Harare gets US$15m for prepaid water

02 Jul, 2017 - 00:07 0 Views
Harare gets US$15m for prepaid water Harare City Council

The Sunday Mail

Debra Matabvu
The Harare City Council will start installing prepaid water meters this month after securing US$15 million to that end.

Town House wants to install 100 000 meters by December 2018, but will exempt Borrowdale, Greendale, Mabvuku and Tafara which have not had running water for years.

Five contractors will supply the meters after successful bids at the State Procurement Board and their participation in a pilot project (June-December 2016). The suppliers are Utility Systems, Syvern Investments, Hukoshwa, Industrial Chemicals and Tricon, whose meters will cost between US$175 and US$200 per unit.

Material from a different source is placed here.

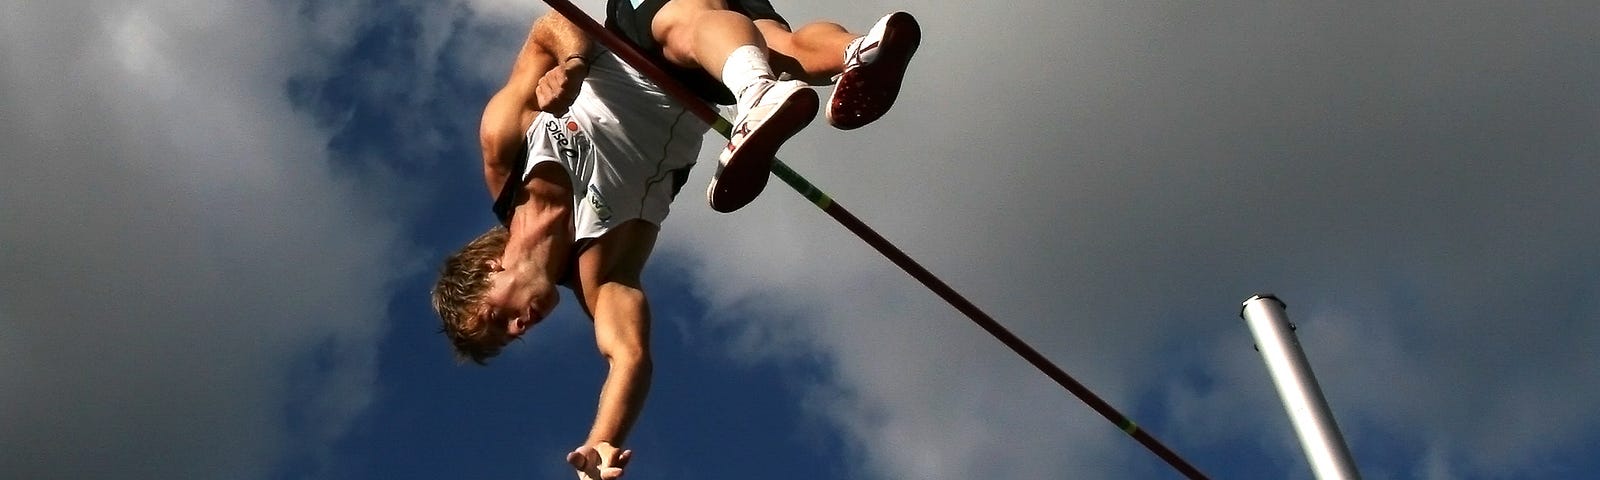 Male pole-vaulter clearing the bar

Harare Water director, Engineer Hosiah Chisango, told The Sunday Mail that prepaid metering would conserve water. “We are still finalising the paperwork, which includes final pricing for the meters. The contractors will supply 20 000 water meters each, which will be distributed across the city, with the exception of some suburbs. Residents will pay for the meters over time,” he said.

Each meter will be connected to a local data concentrator with radio signals to communicate with a principal server at the main water station. The meters have batteries that last three to seven years without being charged or changed. A rate limiter blocks water when one fails to recharge, though allowing water to run at reduced pressure.

Urban planning expert Mr Nyasha Mutsindikwa said: “While the local authority will be able to collect more revenue through the payments that will be made by residents, the system might disadvantage the poor and vulnerable. So, there is need for policies to address such situations.” Mr James Mapfumo of Kuwadzana suburb said, “It is very efficient as one will be able to use the water after paying for it.”

Sunningdale resident Mr Darlington Chisvo, however, urged caution. “When the pilot for the system was done, we thought it was going to be better as we would be managing our water consumption. However, it is actually worse because we do not have the water even after paying for it.

“And when water supplies resume, the units of kiloliters in the system would have been reduced drastically; we are failing to understand how this system works. “We were also told that the prepaid water meters were connected to a server linked to the main server at Rowan Martin. However, the network is always down and this affects our water supplies.”